Forum for Science, Industry and Business

Sponsored by:     3M 
Search our Site:

 

GTRI researchers design and test microfabricated planar ion traps

26.05.2010
Despite a steady improvement in the speed of conventional computers during the last few decades, certain types of problems remain computationally difficult to solve.

Quantum computers hold the promise of offering a new route to solving some classes of these problems, such as breaking encryptions. The tremendous computing power of these devices stems from their use of quantum systems, called "qubits," which can exist in a "superposition" of two states at the same time – in stark contrast to the transistors in conventional computers that can only be in the state "0" or "1".

"Though a practical quantum computer may still be decades away, research being conducted today is laying the groundwork for such a device by bridging the vast gap between the theory and practice of quantum information processing," said Dick Slusher, a principal research scientist at the Georgia Tech Research Institute (GTRI) and director of the Georgia Tech Quantum Institute.

One path toward creating quantum computers is to use trapped ions as the qubits. However, it is currently difficult to scale up conventional ion traps into an array large enough to create a useful quantum computer.

At GTRI, researchers are designing, fabricating and testing planar ion traps that can be more readily combined into large, interconnected trap arrays. Details of the research effort, led by Slusher and GTRI senior research scientist Alexa Harter, were presented at the annual meeting of the American Physical Society's Division of Atomic Molecular and Optical Physics on May 26 and 27.

The presentations were made by GTRI postdoctoral fellow Charlie Doret, GTRI research scientist Arkadas Ozakin and Georgia Tech electrical and computer engineering graduate student Fayaz Shaikh. This research is funded by the Intelligence Advanced Research Projects Activity (IARPA) and the Defense Advanced Research Projects Agency (DARPA) through contracts with the Army Research Office.

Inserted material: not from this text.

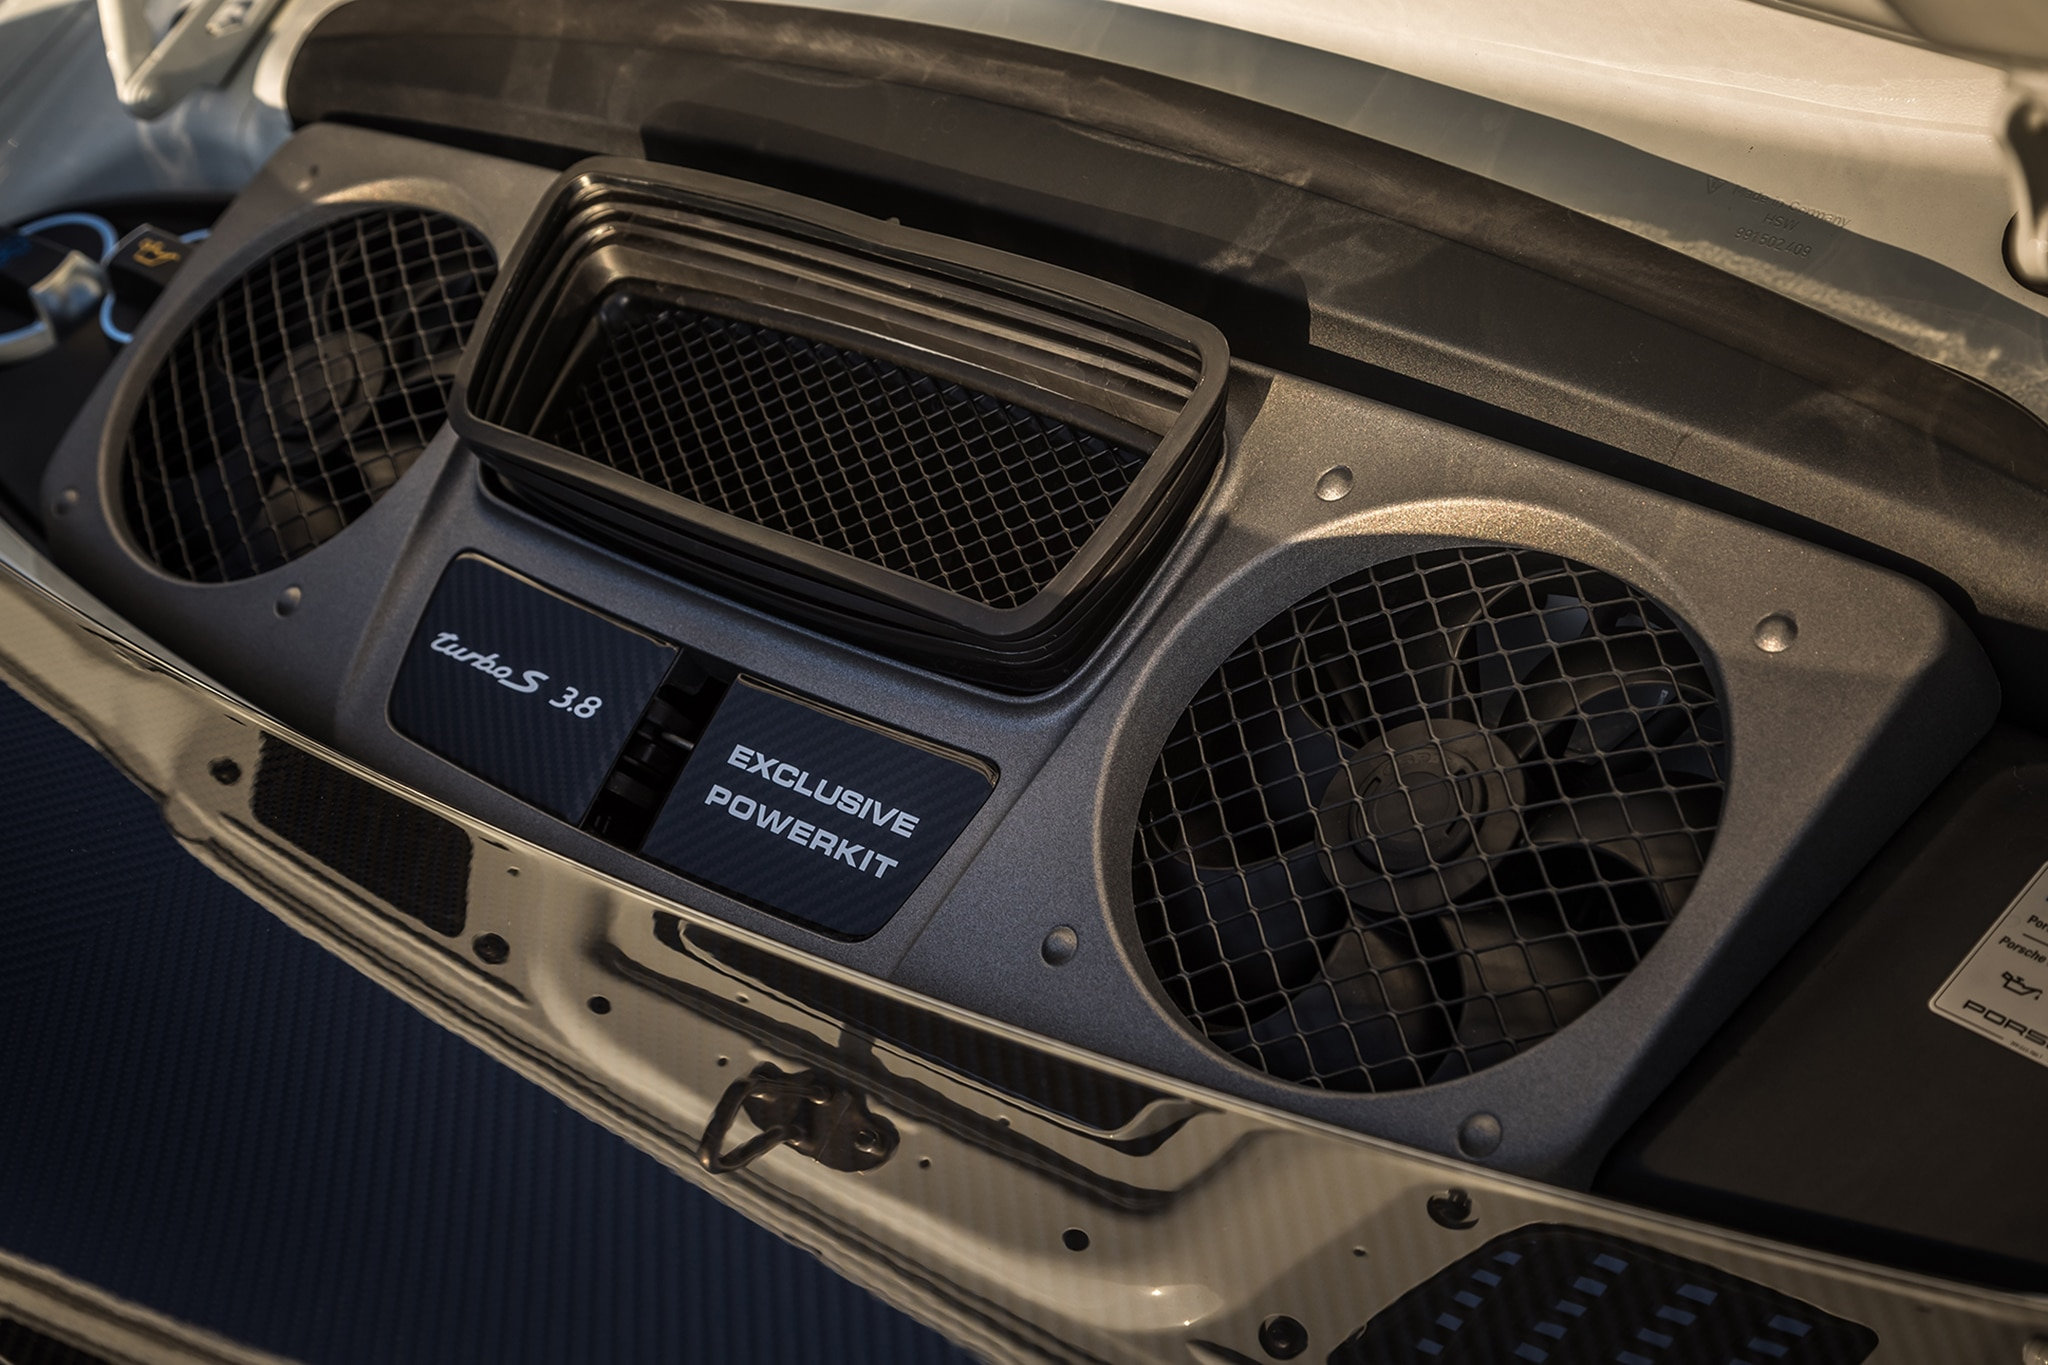 2018 Porsche 911 Turbo S Exclusive Engine

GTRI's microfabricated planar ion traps employ a combination of radio-frequency signals and static voltages applied to aluminum electrodes that are layered on silicon wafers.

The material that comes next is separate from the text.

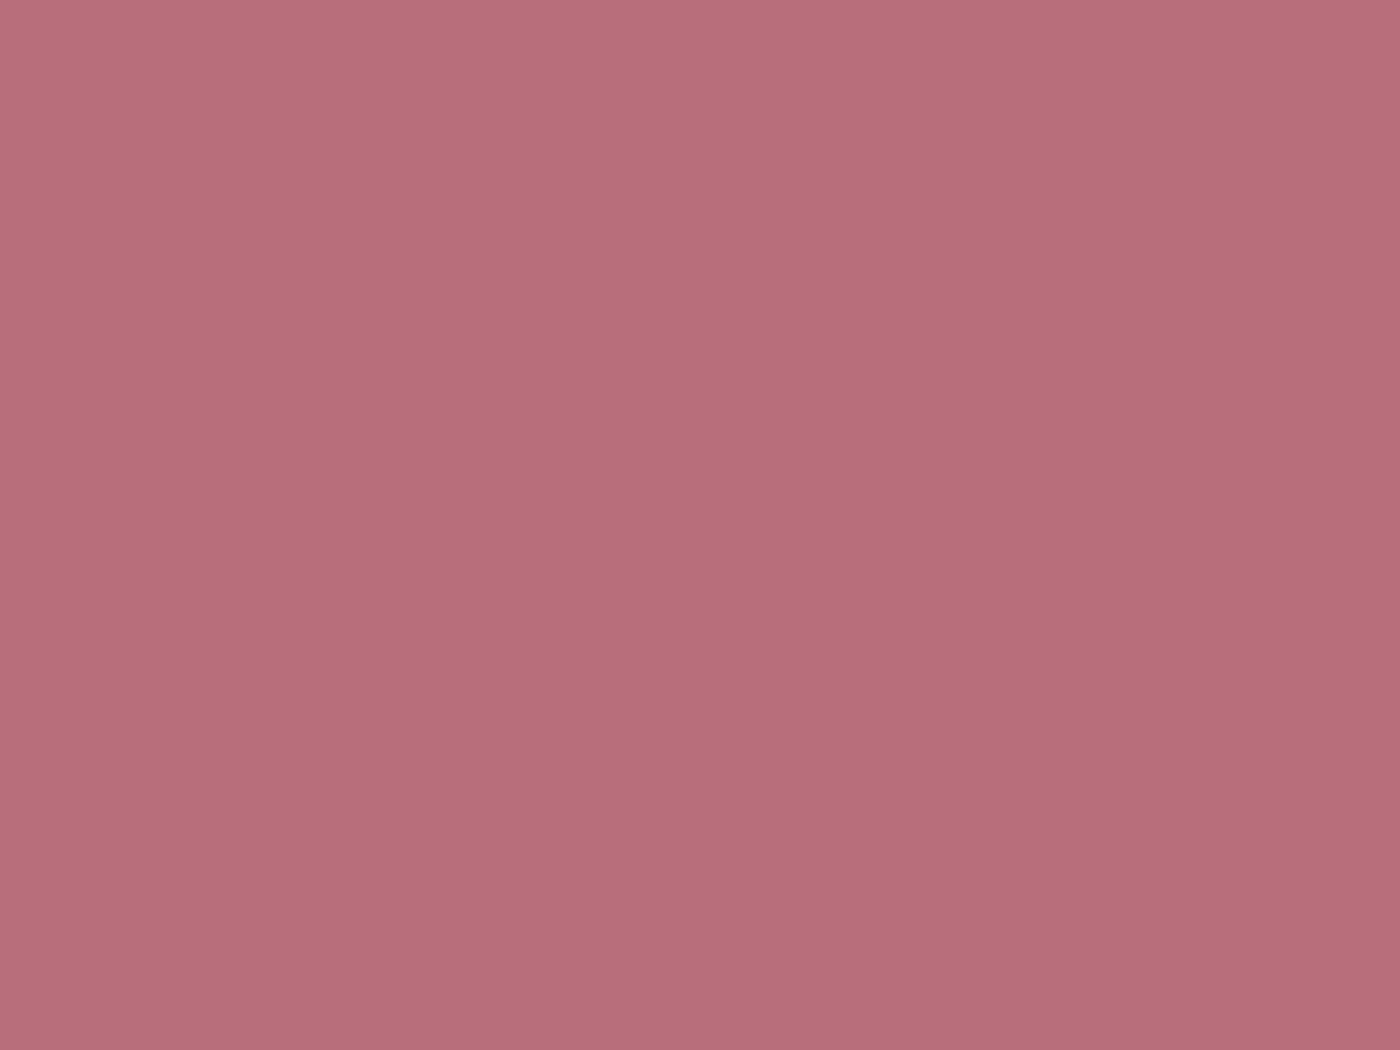 1400x1050 Rose Gold Solid Color Background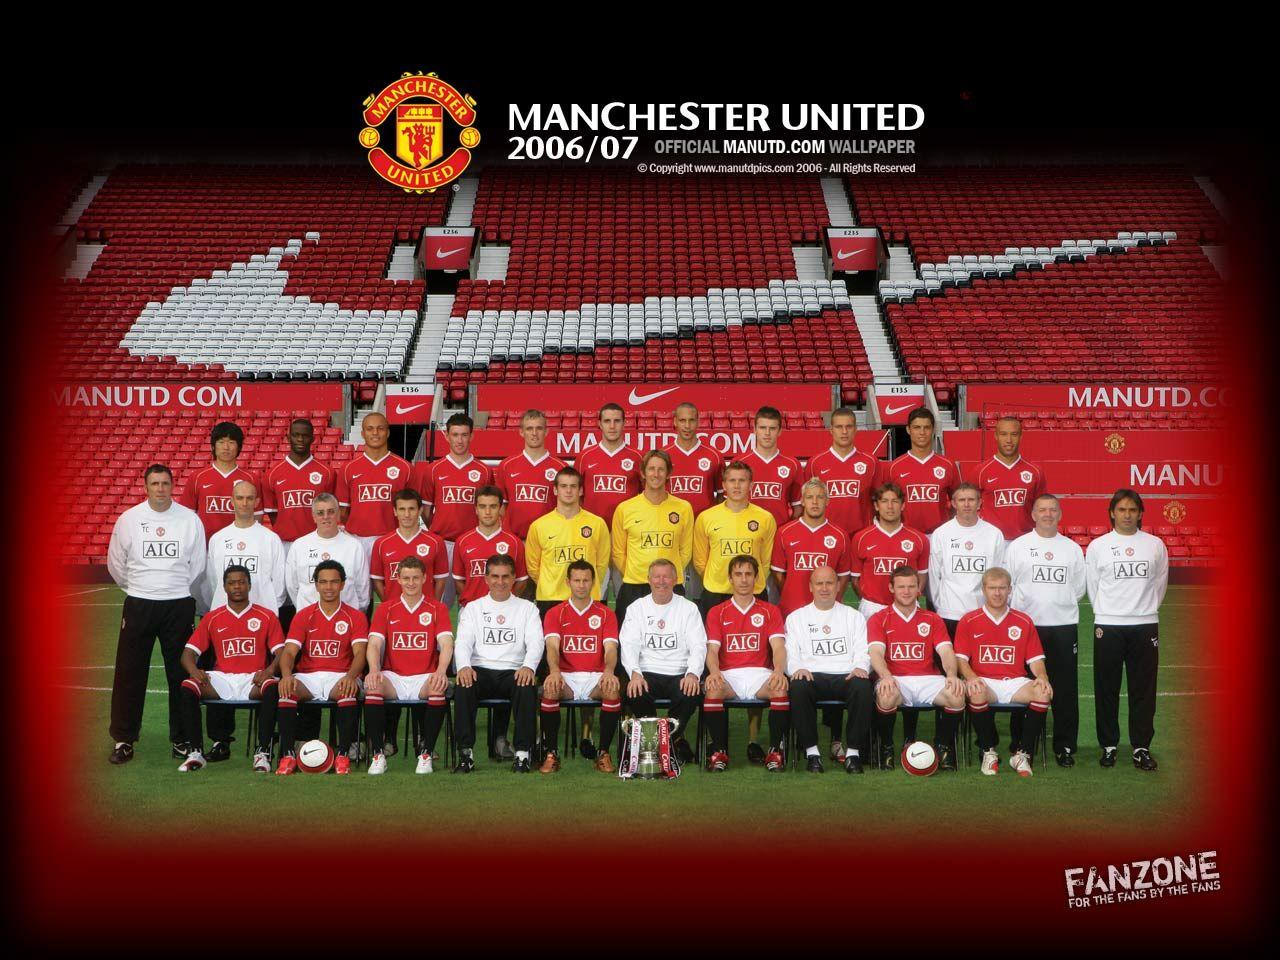 http://2.bp.blogspot.com/-vxg5KYGkbg4/TlFKGYC7XWI/AAAAAAAAICA/pMwrrN0ls_w/s1600/Manchester_United_TEAM.jpg

"These planar trap geometries are advantageous because they are scalable to large systems of ions and also offer improved laser access compared to currently available traps," said Doret.

Lasers are applied to the ions to induce "entanglement" – a quantum mechanical property whereby the states involved cannot be completely described independently. Using systems of trapped ions, researchers have measured entanglement clearly and can preserve it for extended periods of time. To date, however, the largest number of entangled particles ever achieved in a quantum computer is eight calcium ions. At least thirty ions are required to perform calculations that cannot be realized on a classical computer, so a major challenge for the future is to increase the number of trapped ions that can interact.

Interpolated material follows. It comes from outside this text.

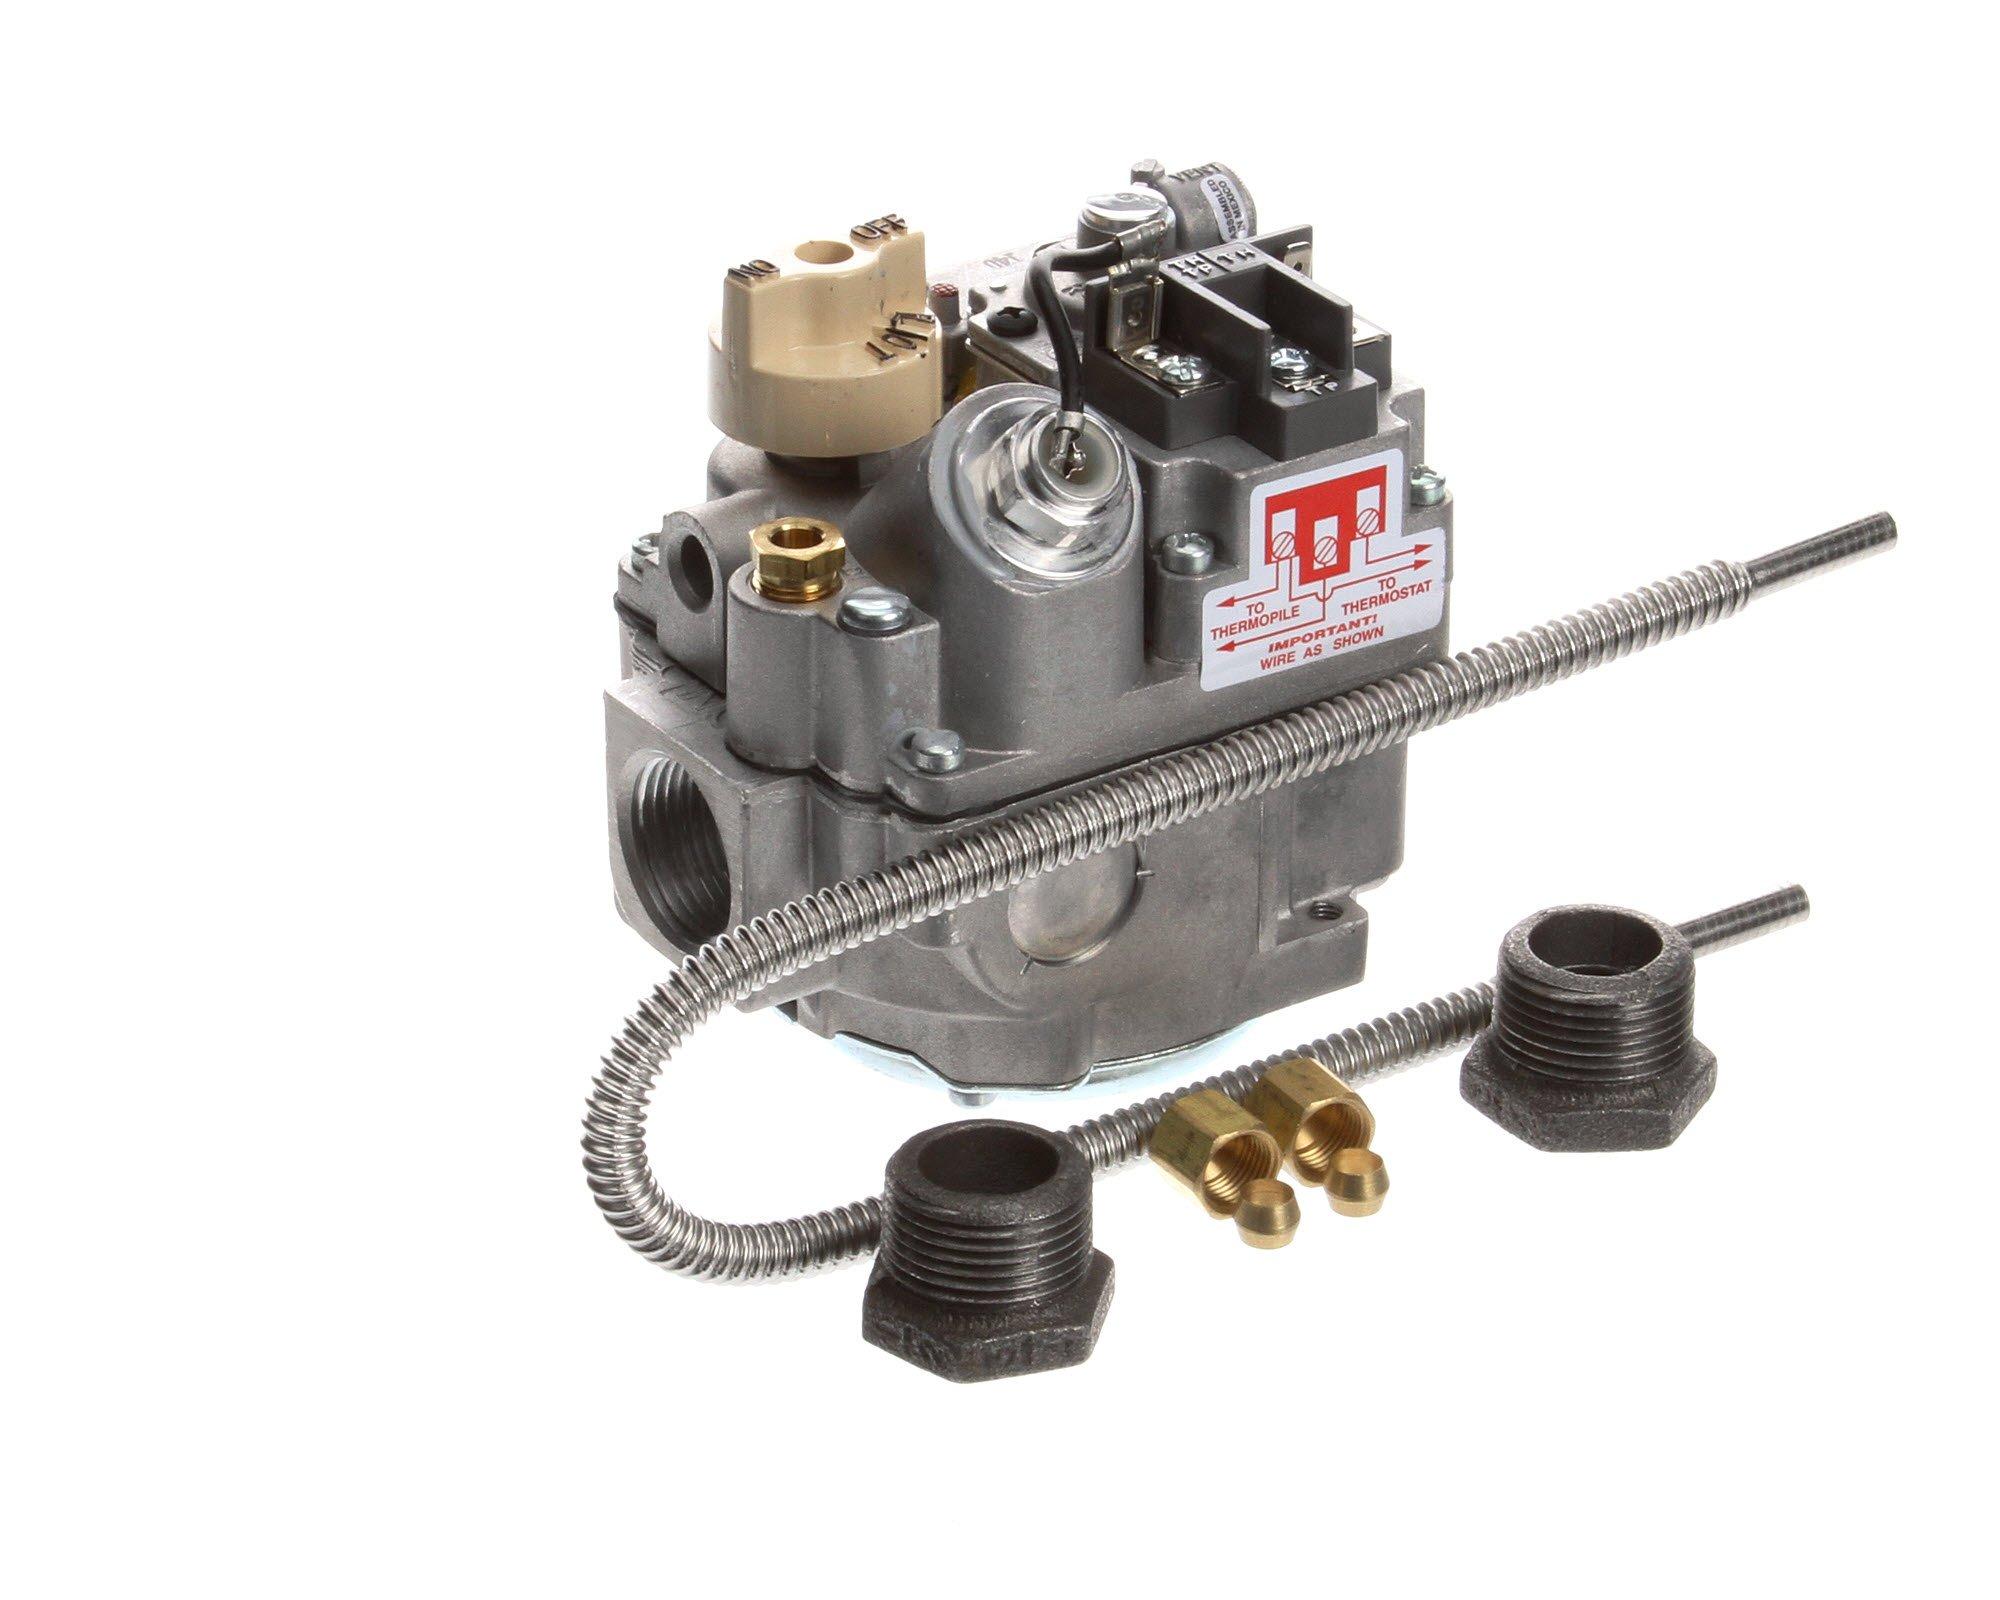 Imperial 37560, Ifs-40 Fryer Gas Valve NAT

The GTRI team has used state-of-the-art computer simulations of the electromagnetic trapping fields and the trapped ion motion to design versatile traps capable of holding many ions. Trap designs were improved using genetic algorithms that fed back to the shapes and spacing of trap electrodes to optimize trap depth and minimize heating when ions were transported between trapping zones.

Prototypes of the designs were fabricated with the help of Kevin Martin, a principal research scientist in the Georgia Tech Nanotechnology Research Center. The research team then tested the prototypes in GTRI's ion trapping laboratory, where calcium ions were first trapped in October 2009 using devices designed and fabricated at Georgia Tech.

Experimental data on trap loading efficiency, ion lifetime and ion shuttling efficiency were used to validate the designs and provide feedback for additional improvements.

The GTRI team is working with researchers at Duke University to integrate optics directly into the ion traps, while researchers at the Massachusetts Institute of Technology are testing the devices in a cryogenic environment.

In collaboration with the University of Maryland, GTRI researchers are also investigating the use of an array of trapped ions and/or ultra-cold atoms trapped in optical lattices for applications in quantum simulation.

"We still have much to learn about individual quantum systems, how to connect them, how to control them, how to measure them and how to fix the inevitable errors," added Slusher.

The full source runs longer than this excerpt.